Records for the task:
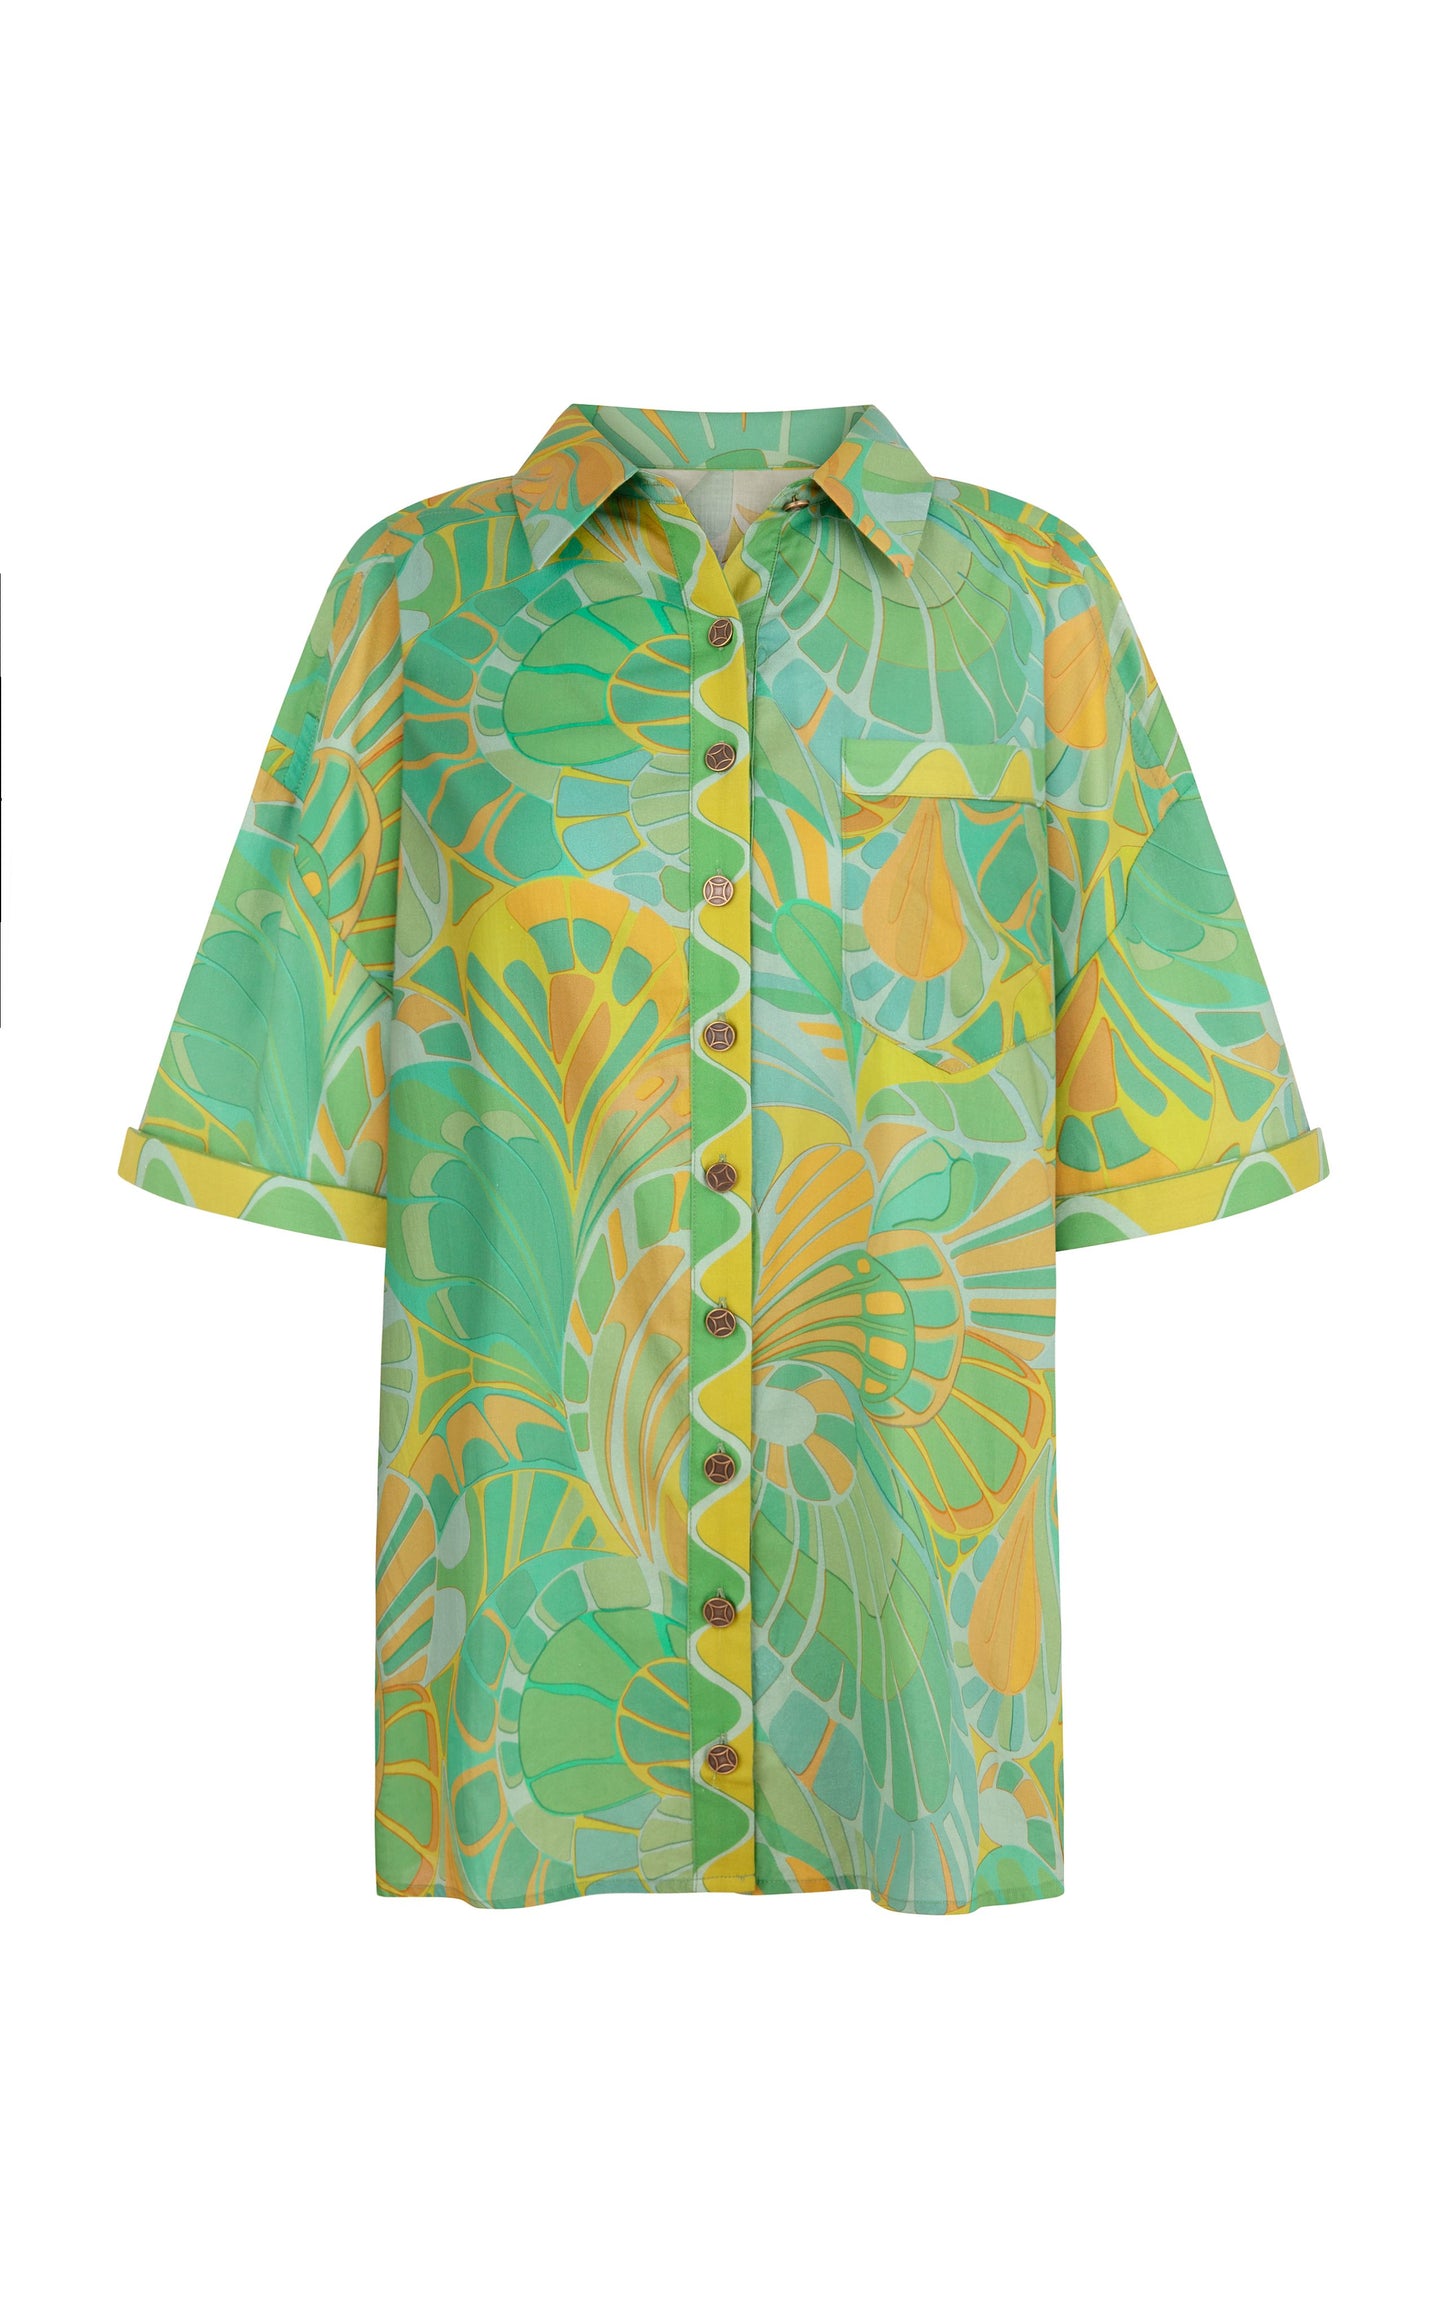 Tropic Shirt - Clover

* * *

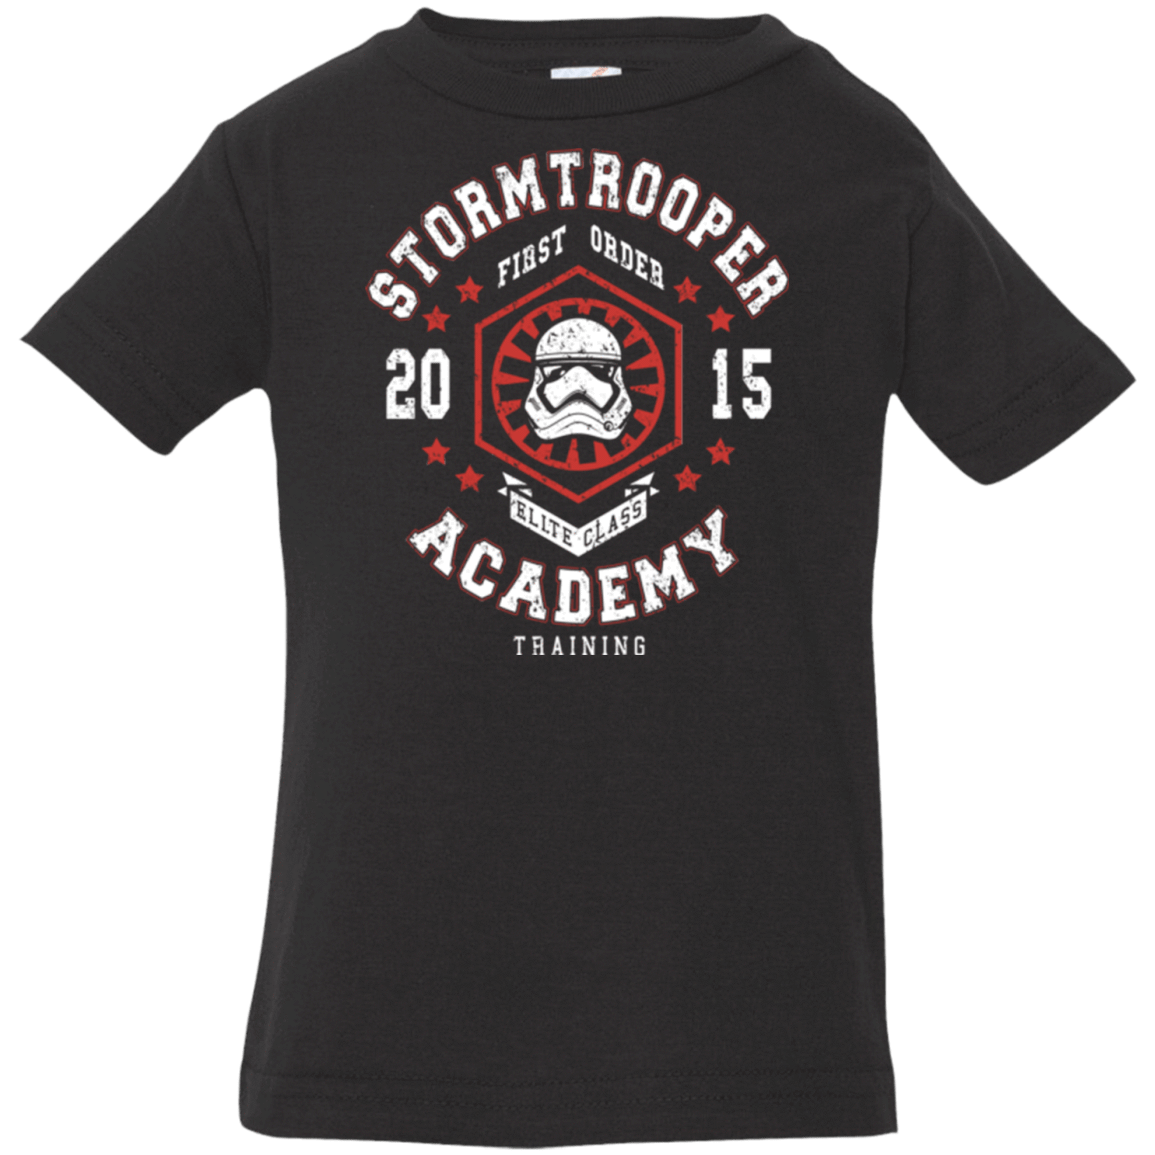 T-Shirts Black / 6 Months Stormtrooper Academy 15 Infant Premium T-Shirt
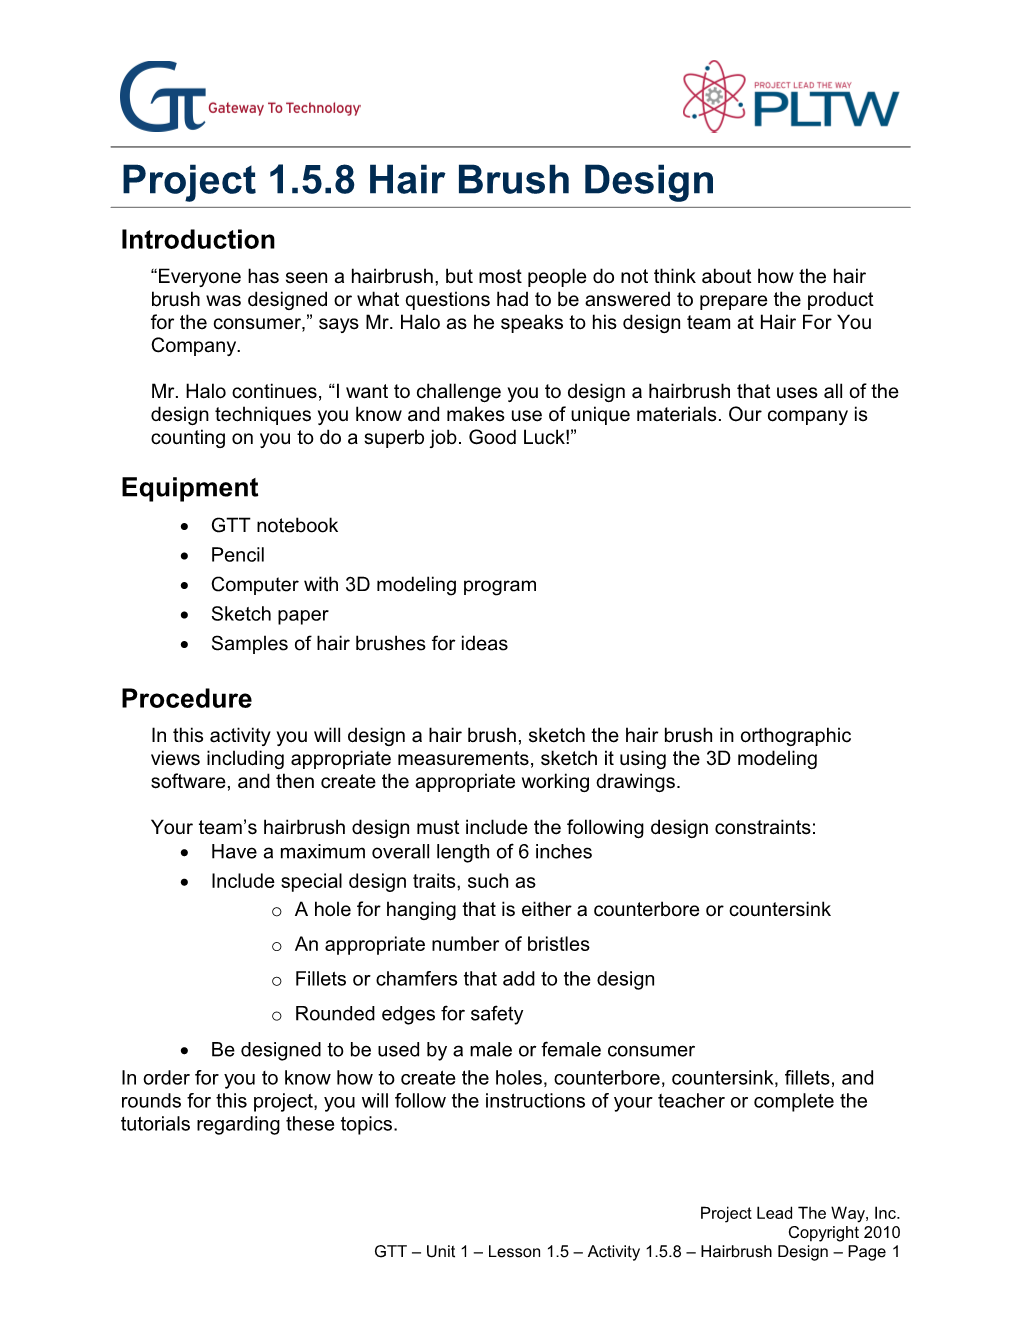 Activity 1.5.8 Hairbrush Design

--

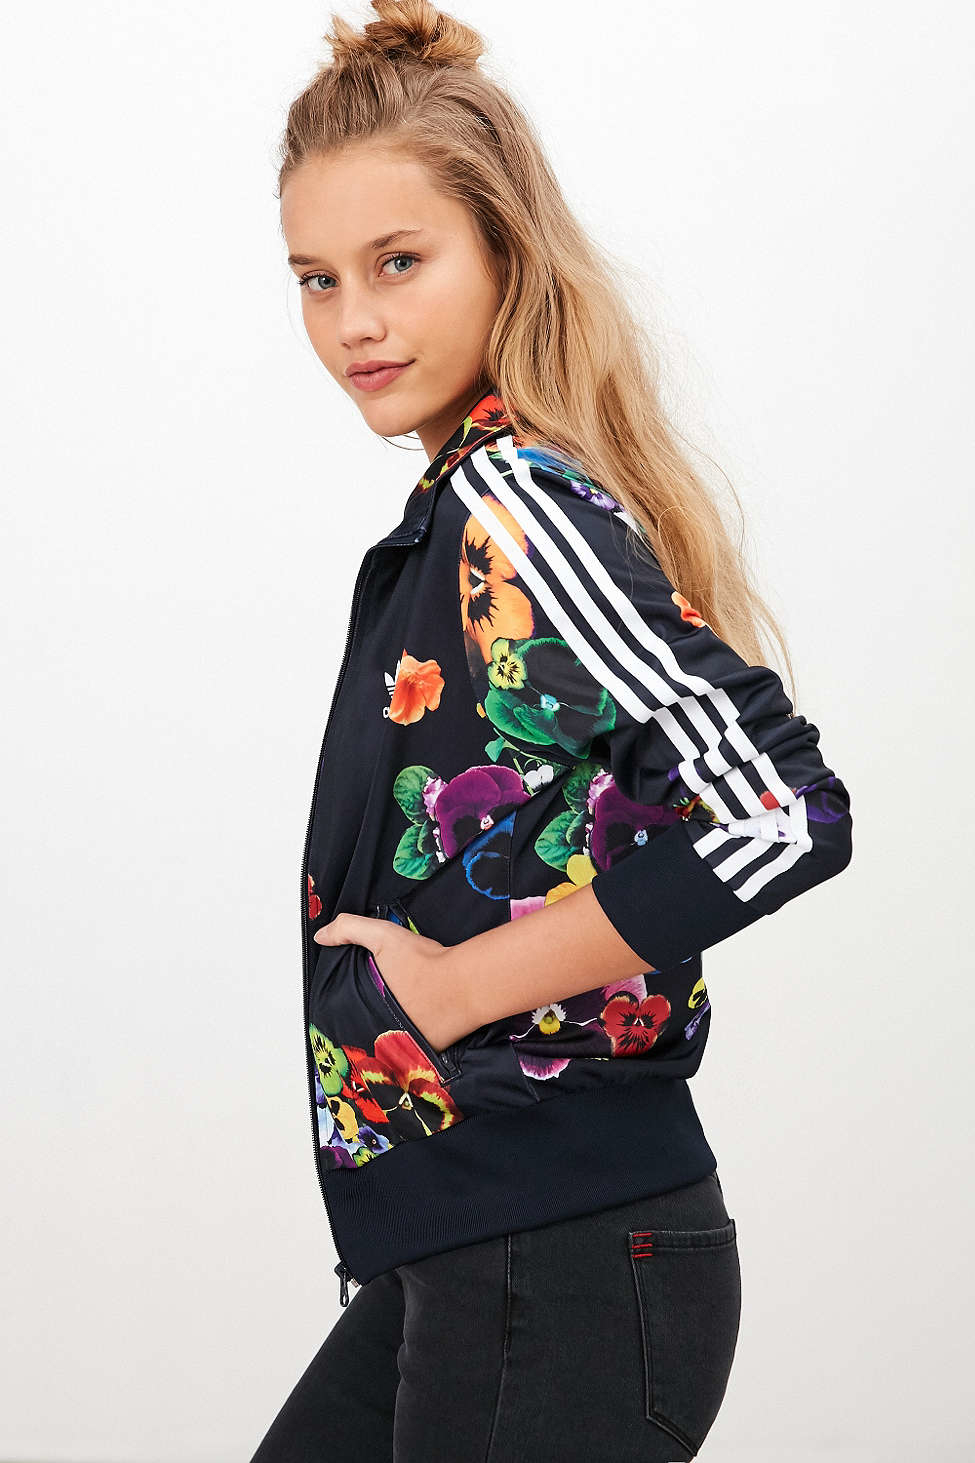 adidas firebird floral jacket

Problem requirements:
Reproduce the data above exactly, but only from the line containing "T-Shirts Black /" through the line containing "Activity 1.5.8 Hairbrush Design". Omit all pictures.

Task solution:
 T-Shirts Black / 6 Months Stormtrooper Academy 15 Infant Premium T-Shirt
 Activity 1.5.8 Hairbrush Design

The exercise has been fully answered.